По его тону и взгляду я понимаю, что он не шутит. Вместе с волнами дикого животного страха, которые окатывают с ног до головы, приходит осознание, что сейчас мне будет больно. Очень больно.
Но с другой стороны - если они все же найдут тот здоровенный пакет наркоты, я присяду так надолго, что на всей моей жизни можно будет ставить жирный крест.
Я опускаю глаза в пол, демонстрируя свое нежелание отвечать на его вопросы. Демчук вновь разражается нецензурной бранью, а затем коротко кивает здоровенному амбалу с бритым черепом, стоящему чуть поодаль.
Я не успеваю среагировать и сгруппироваться, хотя даже если бы успел, вряд ли бы мне это помогло. Точным ударом в лицо амбал сбивает меня с ног, и я мгновенно оказываюсь на полу, ощущая на языке металлический вкус крови.
Удары его тяжелых ботинок по ребрам выбивают из меня весь дух, и я почти слышу, как трещат мои кости.
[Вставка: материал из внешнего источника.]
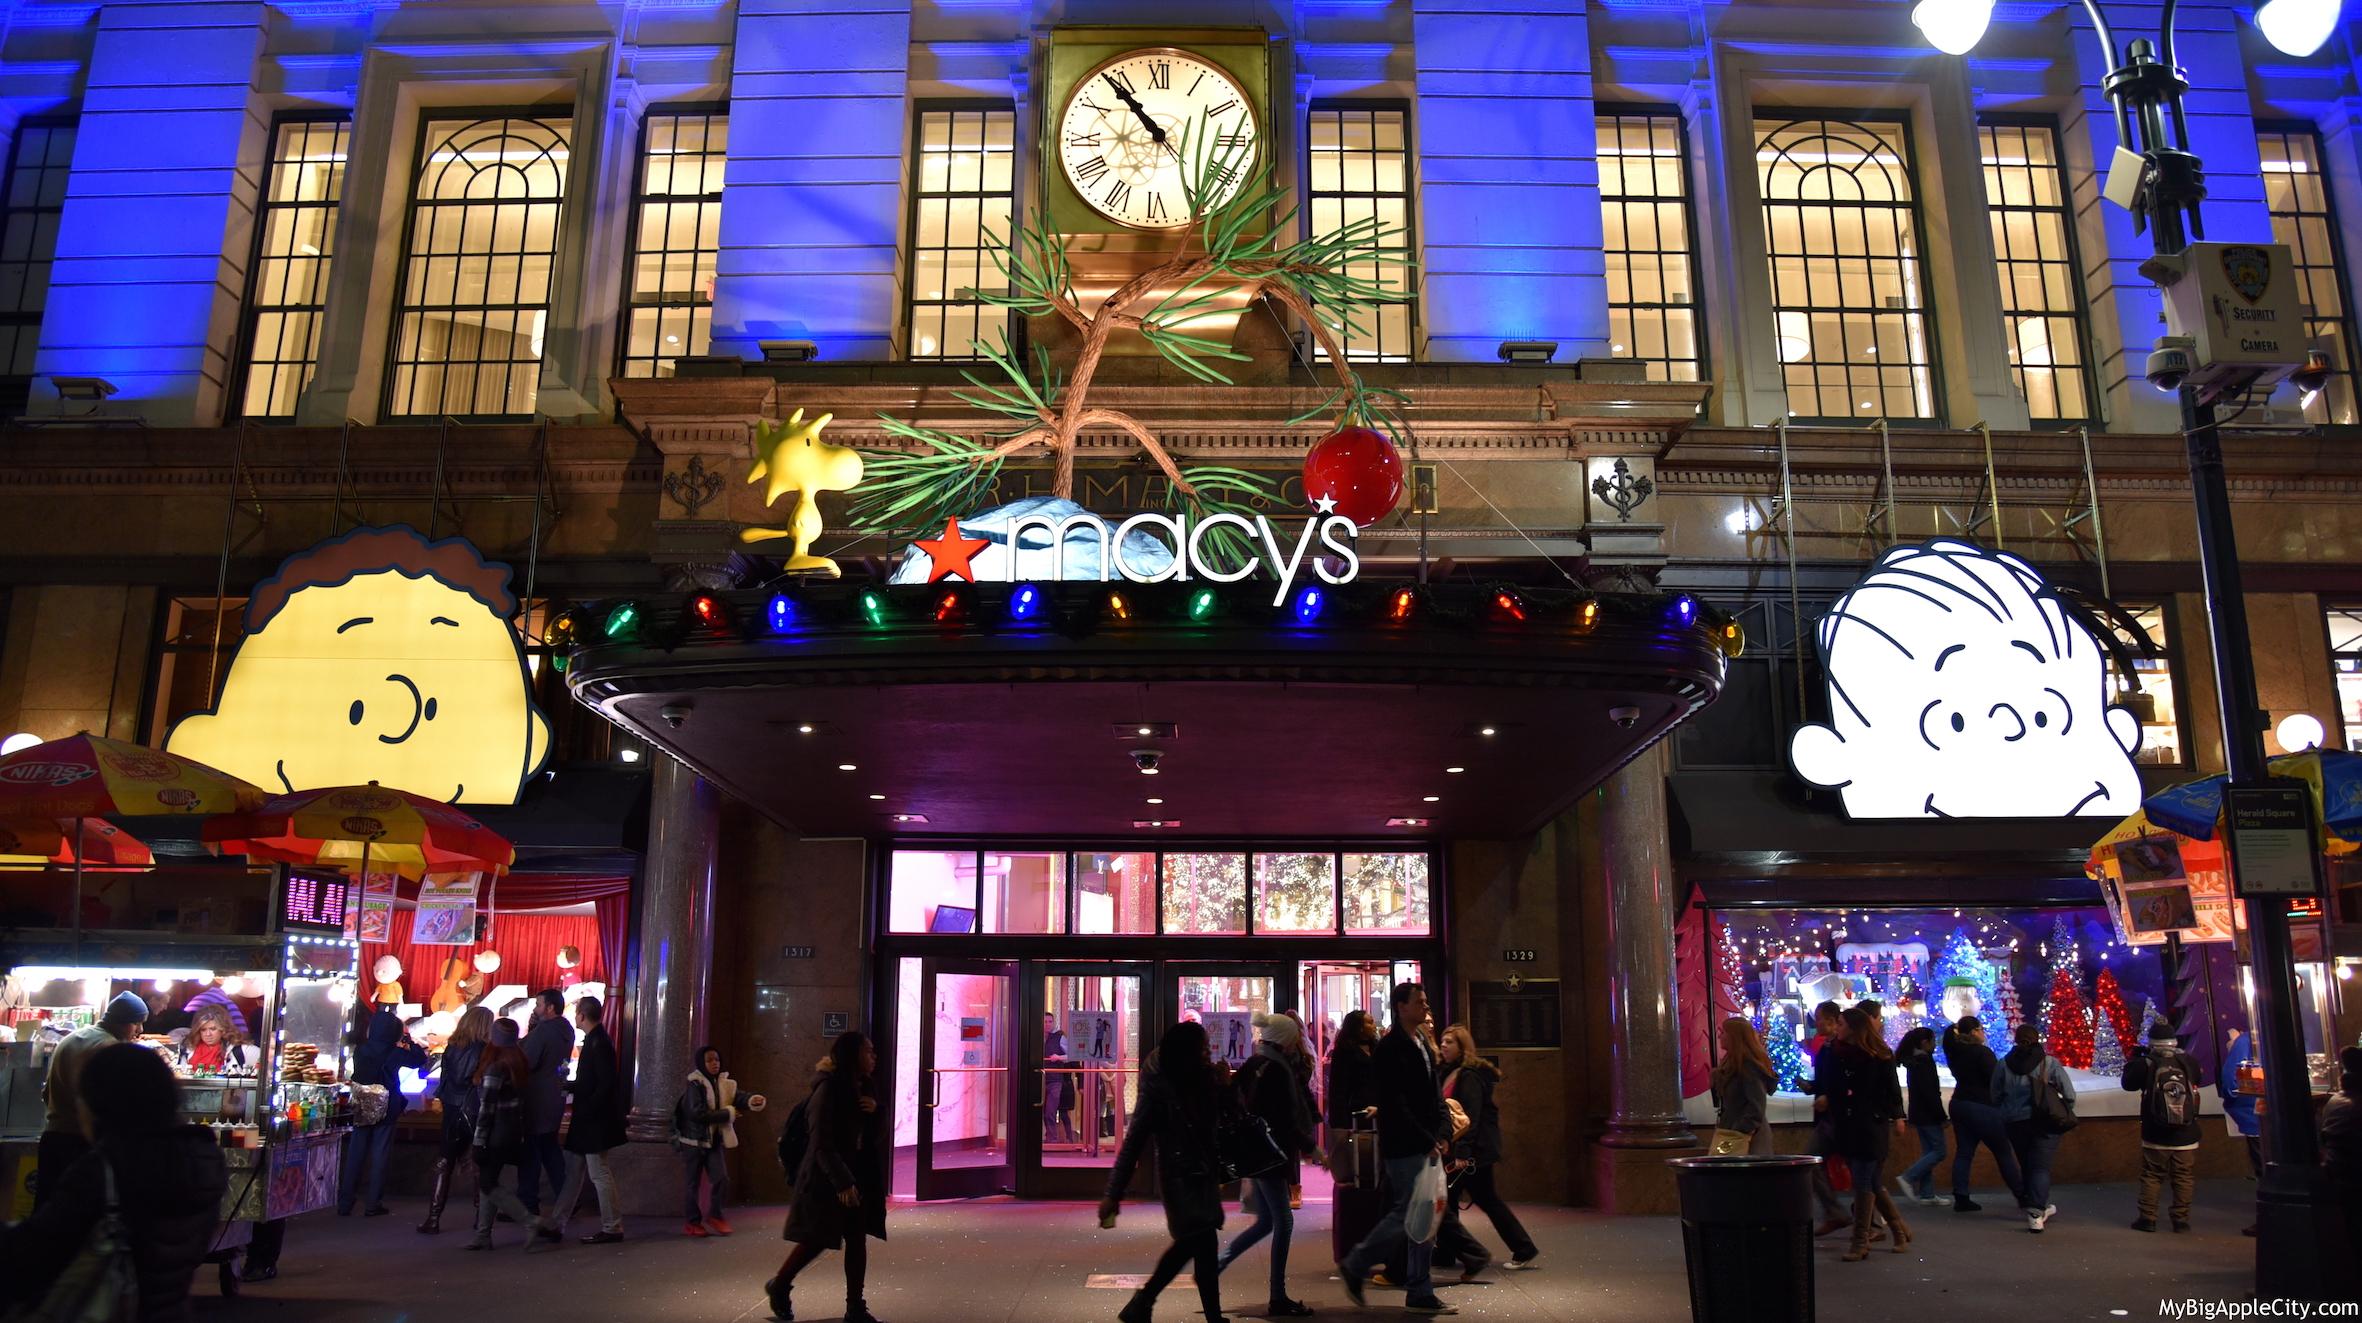 Macys-holiday-window-christmas-new-york-mybigapplecity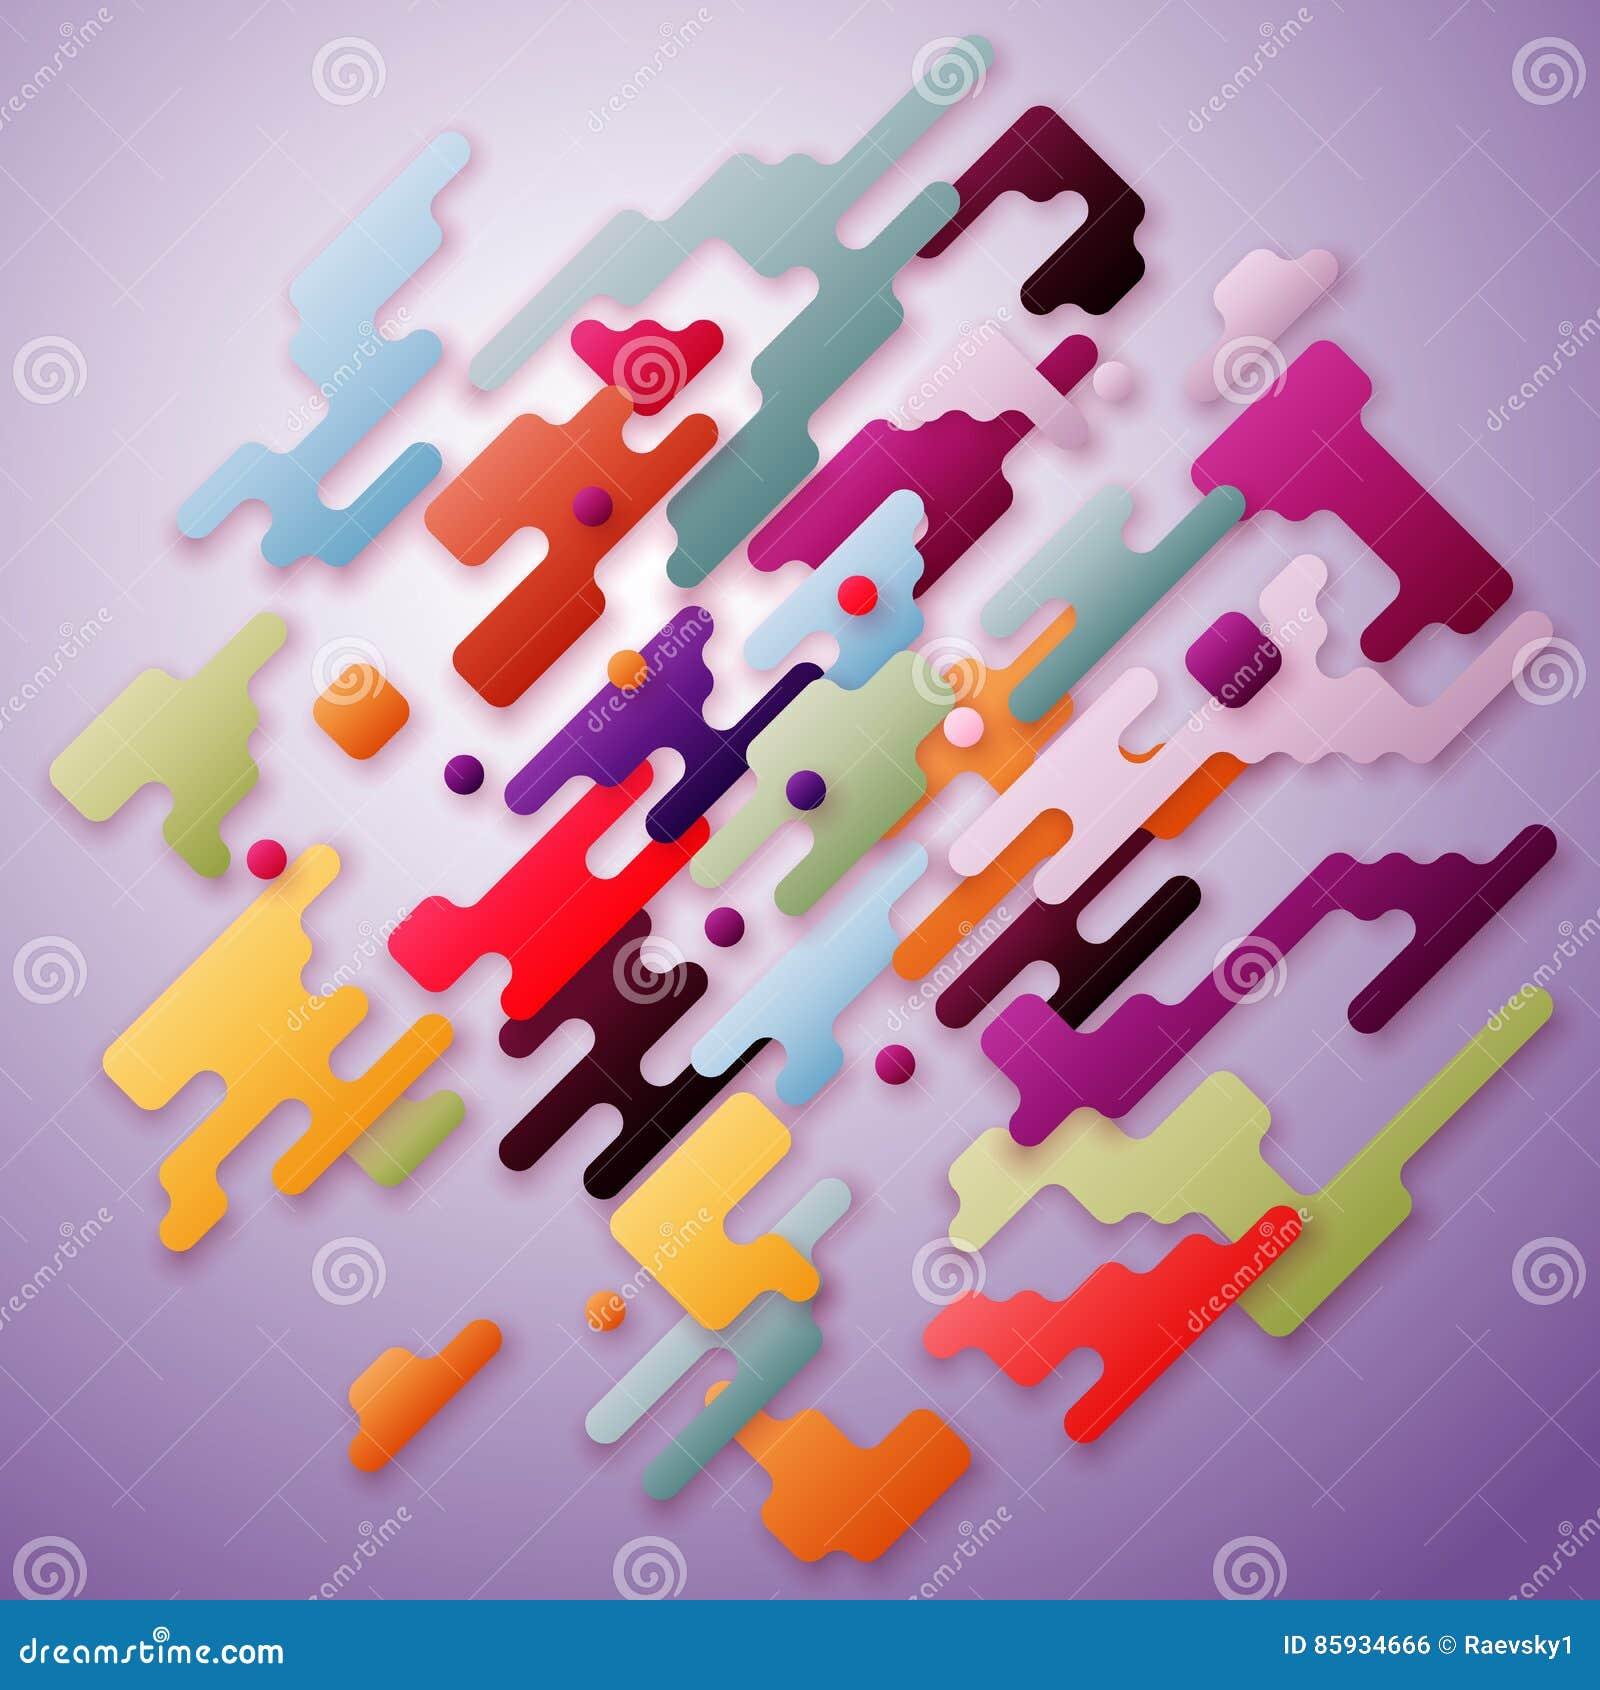 Colorful Minimalist Design: Bright Color Lines And Dots, Colorful Minimalist Design

Он пинает меня с таким смаком, с такой яростью, будто я нанес ему личную обиду. Я скулю, инстинктивно пытаюсь увернуться от его вездесущих ботинок, параллельно ощущая, что начинаю давится собственной кровью, которой вдруг сделалось очень много.
Когда амбал отступает, рядом со мной на корточки садится Демчук и, грубо схватив меня за волосы, приподнимает мою голову так, чтобы я смотрел прямо на него:
- Ну что, щенок, не передумал? - мрачно интересуется он. - Не вспомнил, куда дурь спрятал?
Я не произношу ни слова и лишь с ненавистью гляжу ему в глаза. Поняв, что ничего от меня не добьется, Демчук брезгливо выпускает мои волосы, грубо ударяет меня лицом об ламинат и вновь подает знак амбалу.
Меня пинают, оскорбляют, унижают, даже грозятся отрезать член, но до этого, к счастью, не доходит. Я харкаю кровью, кашляю, глухо матерюсь и считаю гребанные секунды в надежде на то, что мое сознание вот-вот отключится.
Не знаю, сколько длится вся эта вакханалия и откуда во мне берутся силы на молчание. Раньше я всегда считал, что при определенном уровне физического воздействия разговорить можно любого. Но на деле оказывается, что порой страх может быть сильнее боли.